Schwarz, rot, golden (СИ)
Так прошла вечность, а за ней еще одна вечность. А потом, когда Райнхолд уже почти терял сознание в вихре сверкающих желто-оранжевых стрел, начальник охраны рывком поднял его на ноги – он не почувствовал, как освободились руки, – и пригнул к столу, держа за шею одной рукой. Голый живот обожгло холодное дерево. Звук плевка, чужая влажная ладонь между ягодиц. Вырываться было бесполезно.

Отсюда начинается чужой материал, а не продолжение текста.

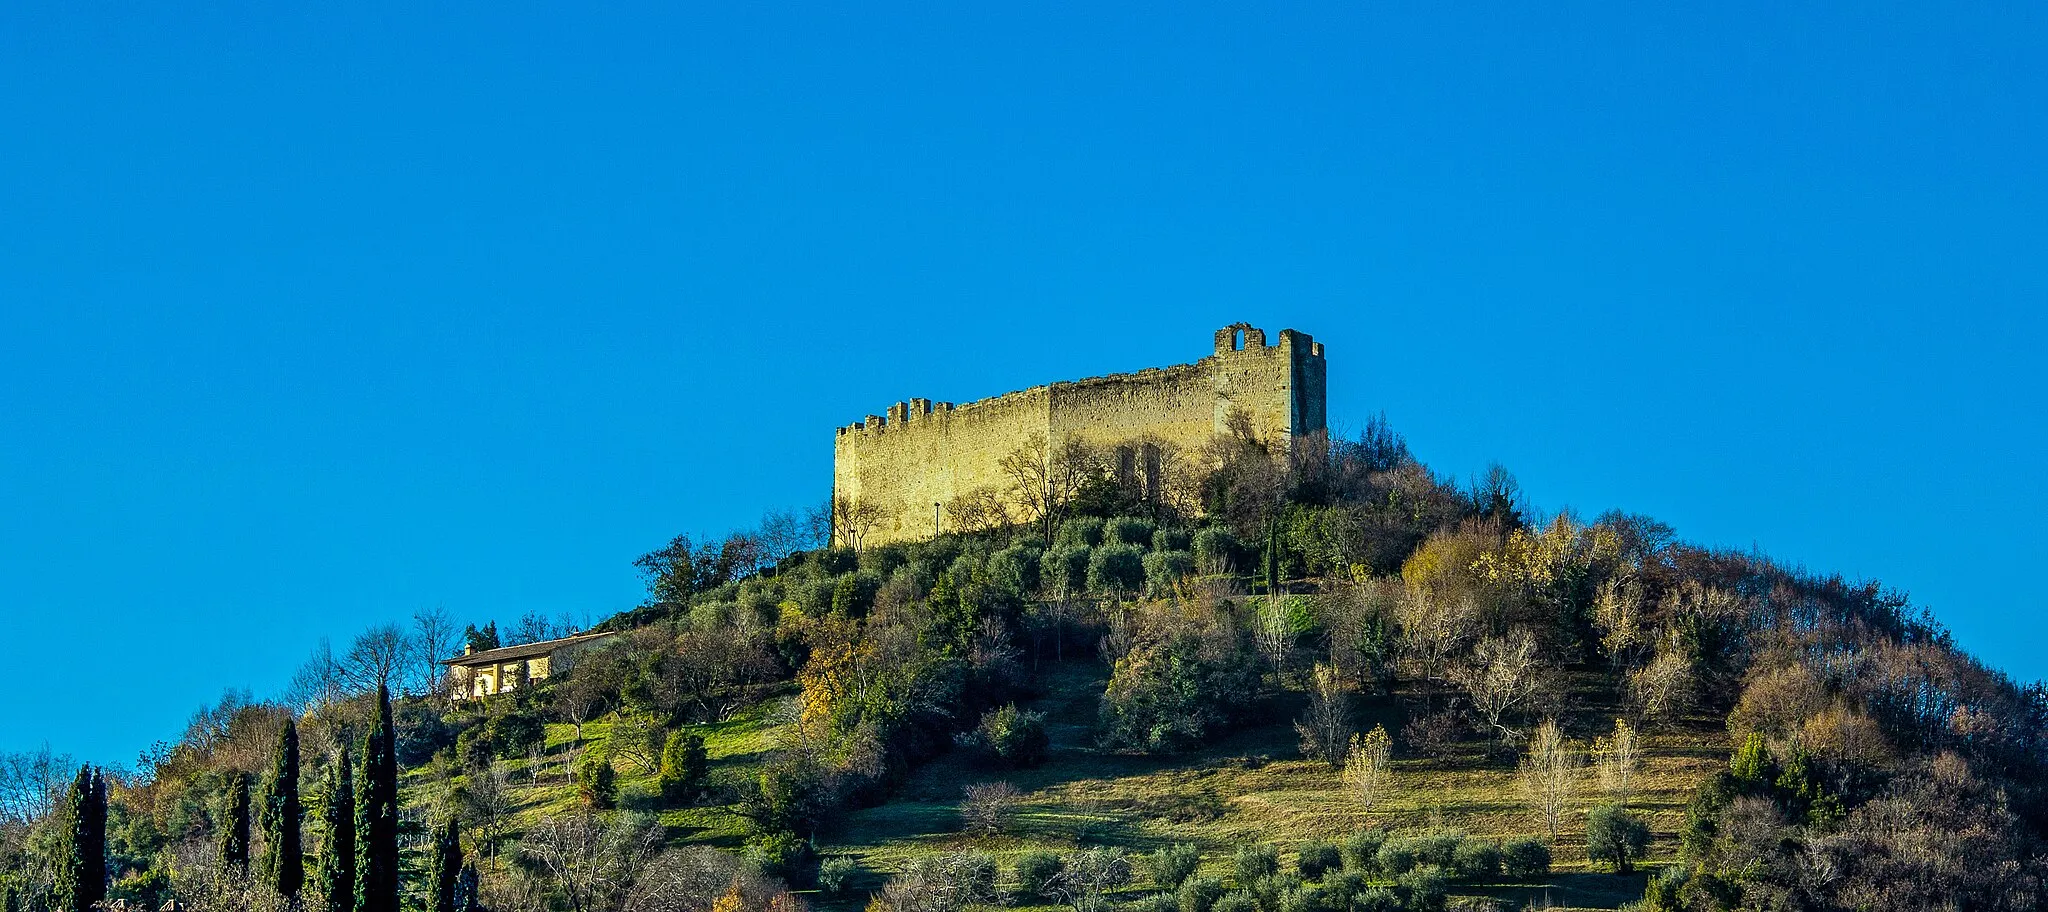 Photo showing: Nestling in an enchanting hilly landscape, Asolo is one of the best-known and loveliest villages in Italy. Asolo "the city of a hundred horizons", in the picture the Asolo's fortress over Mount Ricco, its date of construction is placed between the end of the twelfth century and the beginning of the thirteenth century.

Райнхолд не почувствовал, как в него проникает чужой член – просто боль, жестокая, жадная, раздирающая все его существо, хлынула внутрь. Кажется, он хотел кричать, но грубая рука зажала ему рот, он пытался сопротивляться, но от этого только становилось еще больнее: враждебная плоть продиралась вглубь, рвала на части кожу, мышцы, внутренности, а потом безжалостно выворачивала их наизнанку, и опять, и опять, размеренно и
неумолимо, а потом все быстрее – и ему казалось, что порванное на лоскуты тело изнутри толчками заполняется темной горячей кровью.
Раен не помнил, как очутился снова в своей камере. Кажется, его отвел туда все тот же Брайн. Брайн. Сочувственно-насмешливый взгляд. «Как ты его, а... он же, мать его, на работу теперь не выйдет...» И голос Локквуда, откуда-то из страшного далека: «Ничего, за ночь оклемается... и не таких видали...» Райнхолд шатался, как пьяный. Ноги у него заплетались, и он почти ничего не видел перед собой.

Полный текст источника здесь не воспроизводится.